(Given material)

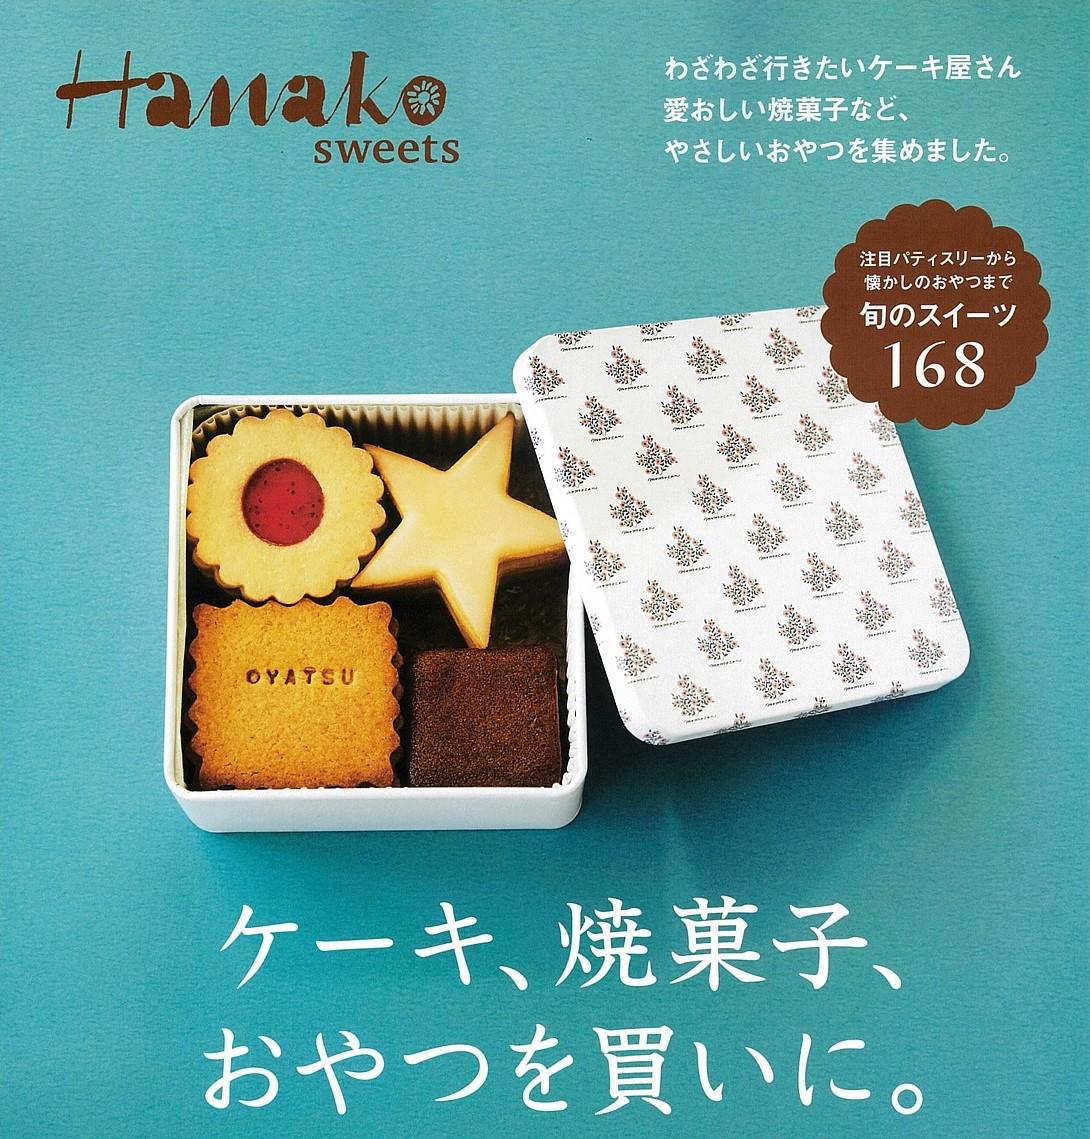 9/17発売『 Hanako sweets』に掲載されました!!
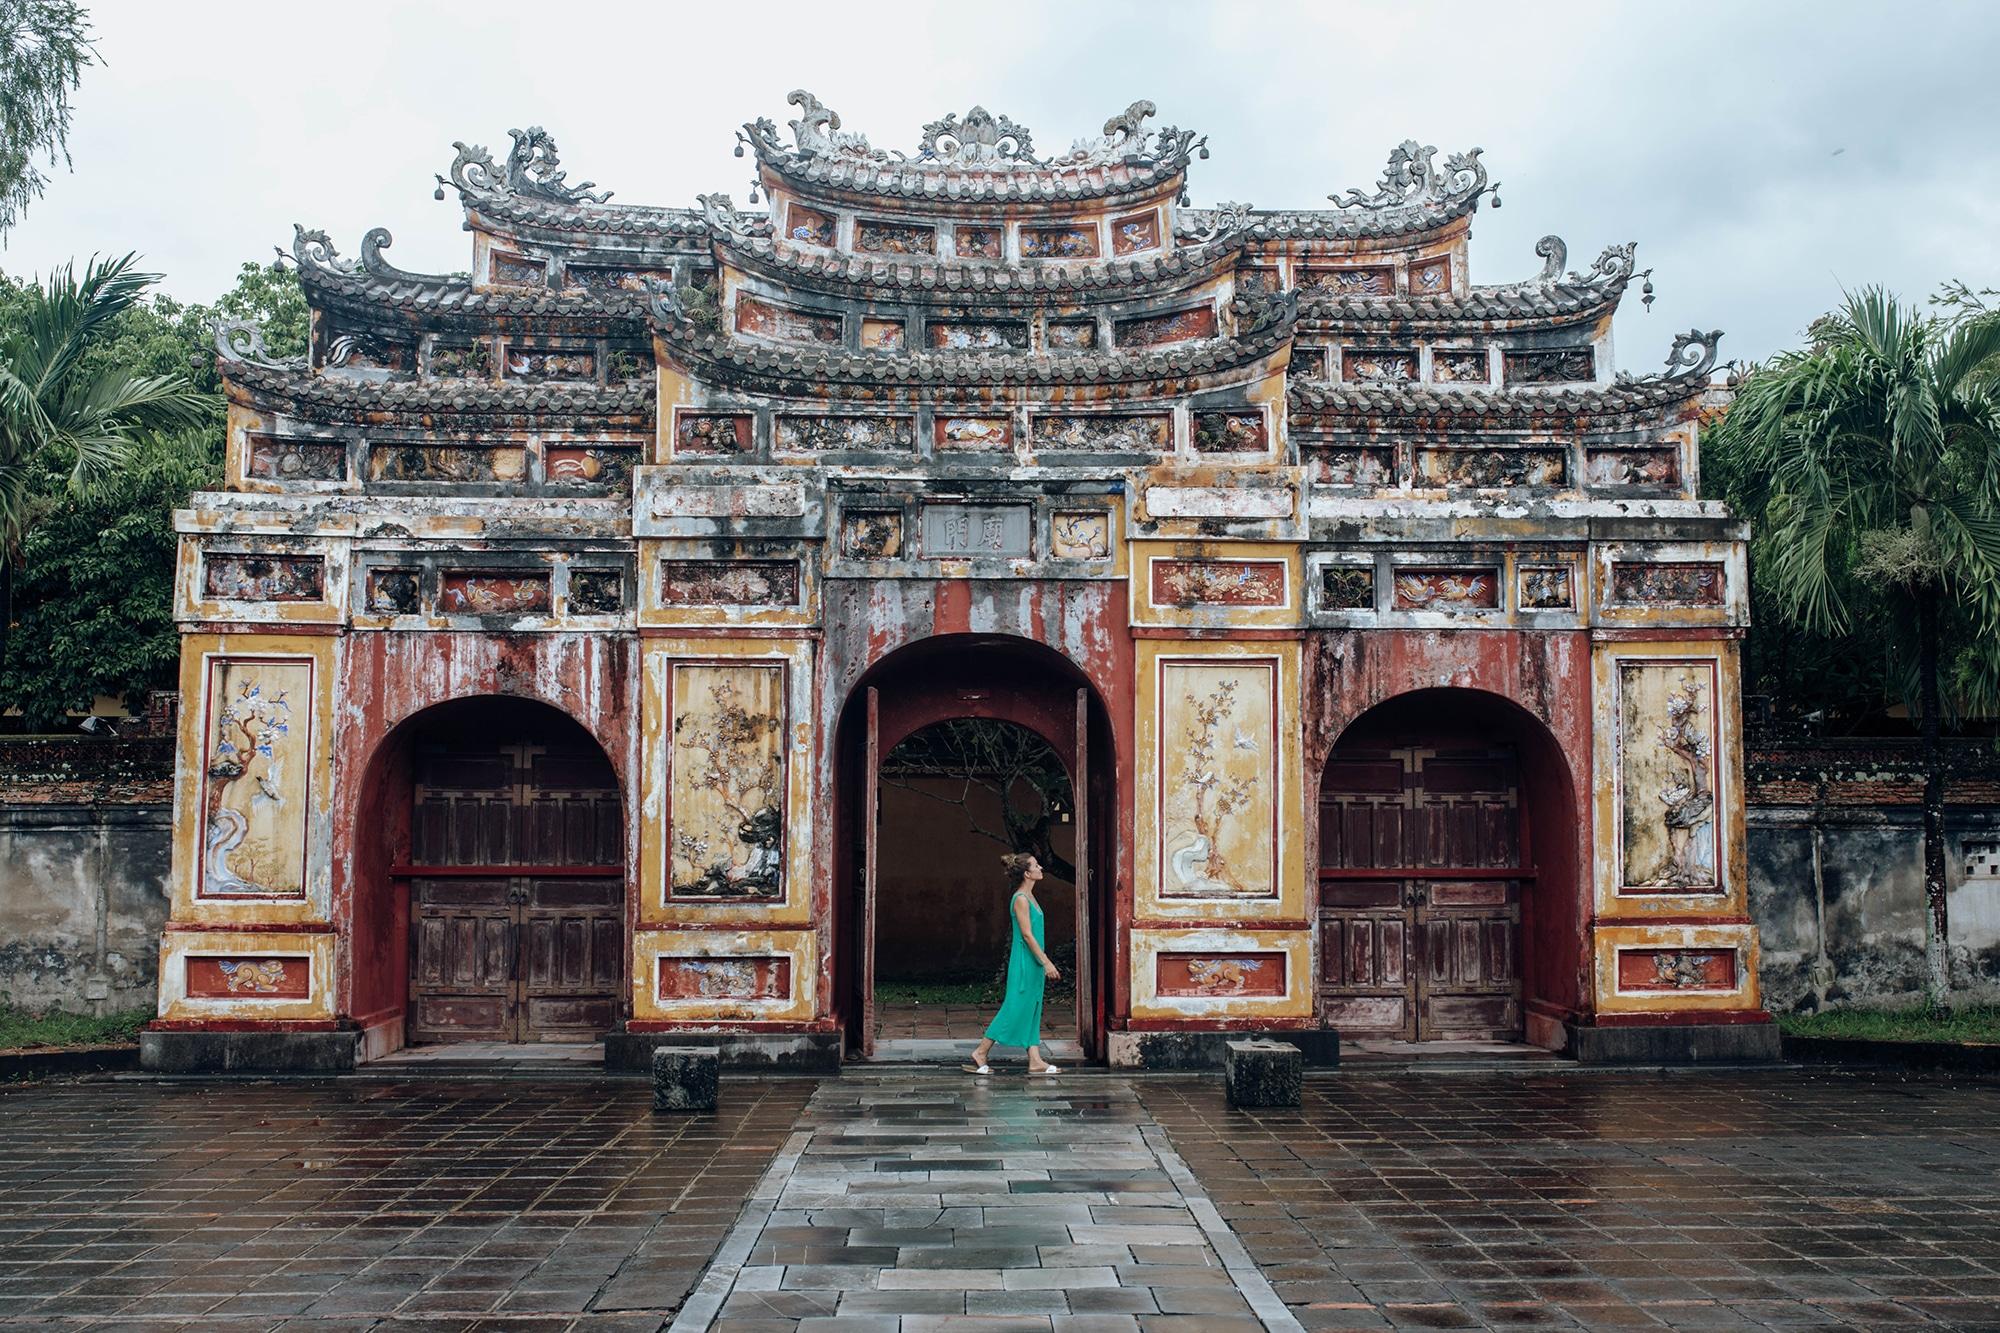 vietnam travel highlights - Hue - Imperial City
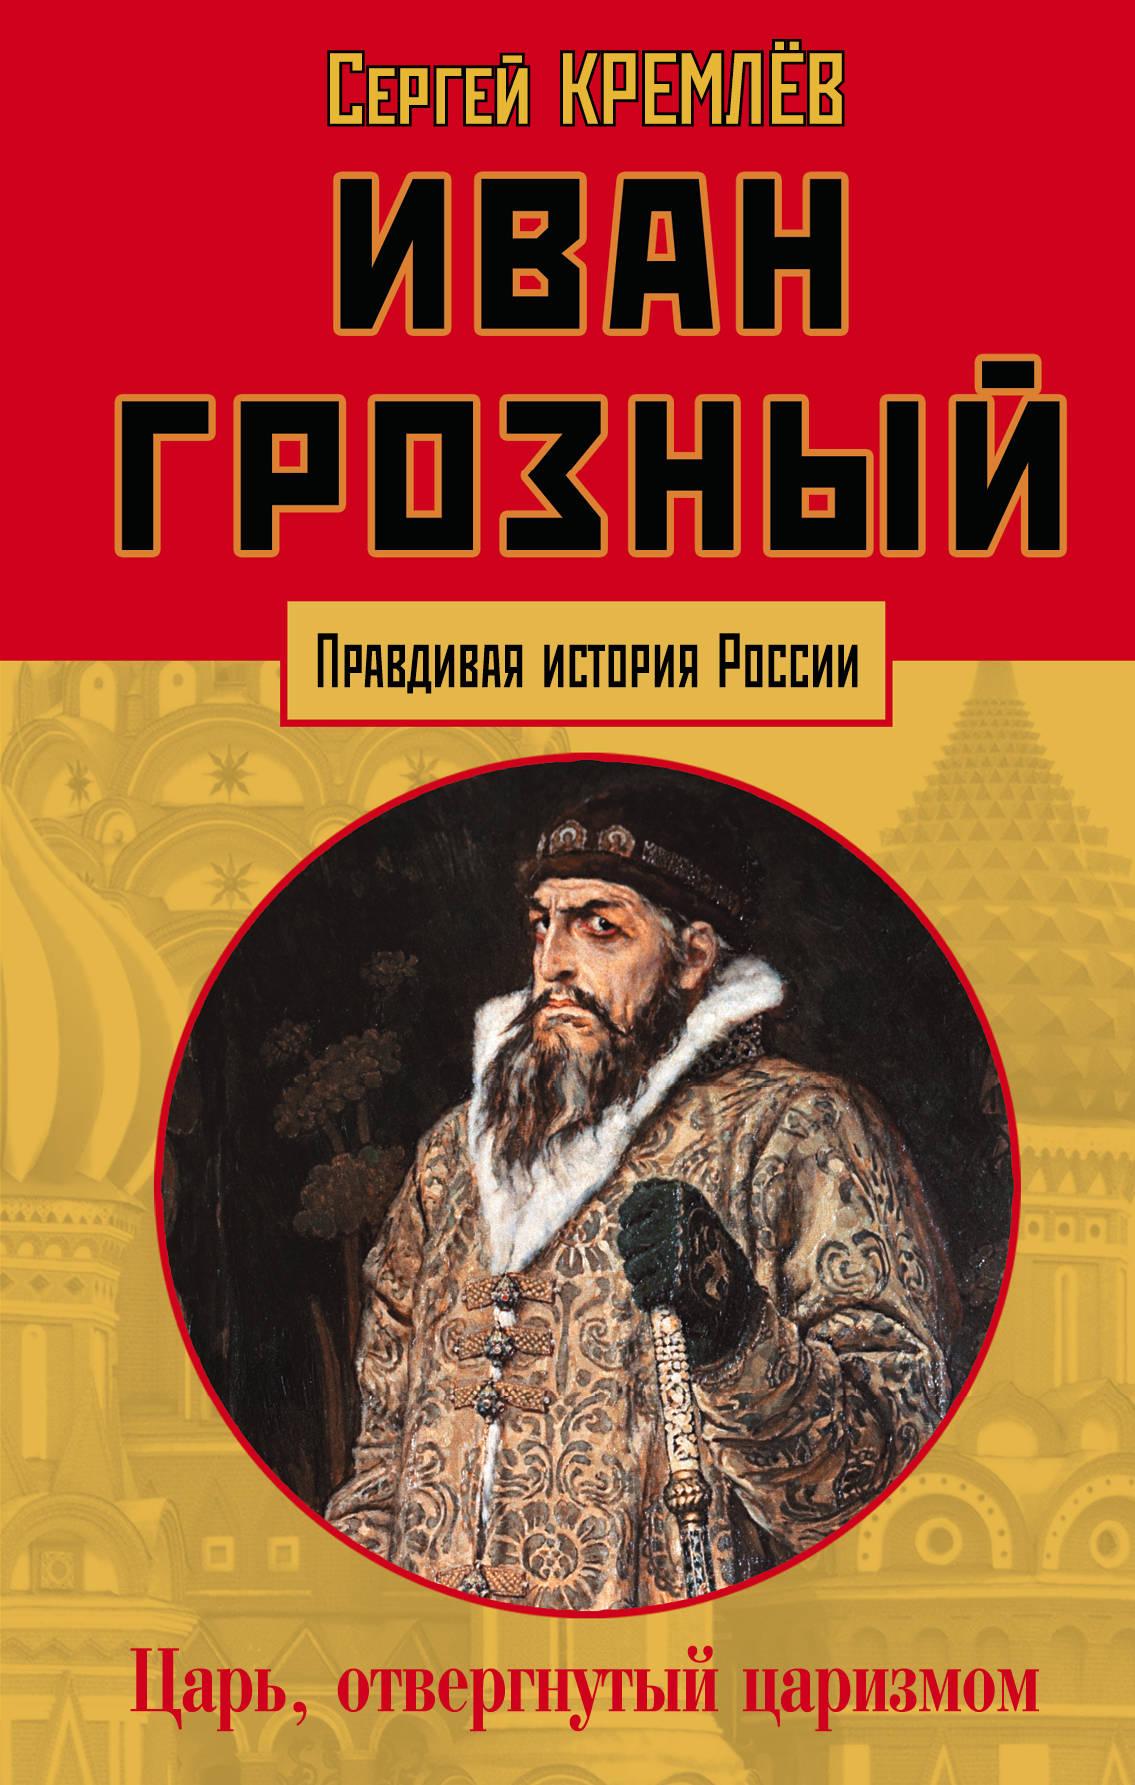 Иван Грозный: Царь, отвергнутый царизмом

(End Given material)

- **What the task requires**
Every line above should be reproduced exactly, please, with no pictures included.

- **Problem solution**
 9/17発売『 Hanako sweets』に掲載されました!!
 vietnam travel highlights - Hue - Imperial City
 Иван Грозный: Царь, отвергнутый царизмом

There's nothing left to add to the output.